Directions
What is the count of lines in the records that include "Android"? Reply with that number alone.

*** Source information Section Begins ***

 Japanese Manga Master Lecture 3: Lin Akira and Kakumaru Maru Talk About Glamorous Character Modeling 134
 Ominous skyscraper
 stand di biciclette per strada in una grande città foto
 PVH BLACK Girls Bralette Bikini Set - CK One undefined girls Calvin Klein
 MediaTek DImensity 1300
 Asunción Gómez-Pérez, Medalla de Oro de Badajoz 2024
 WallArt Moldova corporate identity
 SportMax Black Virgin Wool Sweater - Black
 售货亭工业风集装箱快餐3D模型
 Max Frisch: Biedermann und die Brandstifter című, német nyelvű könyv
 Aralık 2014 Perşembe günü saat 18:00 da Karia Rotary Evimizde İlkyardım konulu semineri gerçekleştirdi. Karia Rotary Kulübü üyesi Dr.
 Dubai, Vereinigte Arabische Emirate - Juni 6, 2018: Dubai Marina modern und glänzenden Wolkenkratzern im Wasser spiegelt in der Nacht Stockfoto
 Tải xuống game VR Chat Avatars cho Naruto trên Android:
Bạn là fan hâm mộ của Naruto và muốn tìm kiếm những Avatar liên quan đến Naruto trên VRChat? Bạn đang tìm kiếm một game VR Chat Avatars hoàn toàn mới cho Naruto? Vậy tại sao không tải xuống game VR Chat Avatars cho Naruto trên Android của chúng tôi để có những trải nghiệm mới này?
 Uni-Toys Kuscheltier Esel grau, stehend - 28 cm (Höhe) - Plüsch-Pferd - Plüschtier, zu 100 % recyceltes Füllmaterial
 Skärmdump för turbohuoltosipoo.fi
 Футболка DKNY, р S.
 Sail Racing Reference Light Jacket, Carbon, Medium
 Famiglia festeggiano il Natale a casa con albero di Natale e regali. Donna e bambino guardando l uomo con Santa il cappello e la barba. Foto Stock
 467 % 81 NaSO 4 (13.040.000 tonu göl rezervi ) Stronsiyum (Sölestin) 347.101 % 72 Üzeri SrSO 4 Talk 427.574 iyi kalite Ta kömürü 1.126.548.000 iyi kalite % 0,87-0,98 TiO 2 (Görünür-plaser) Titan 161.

*** Source information Section Ends ***

Written response
2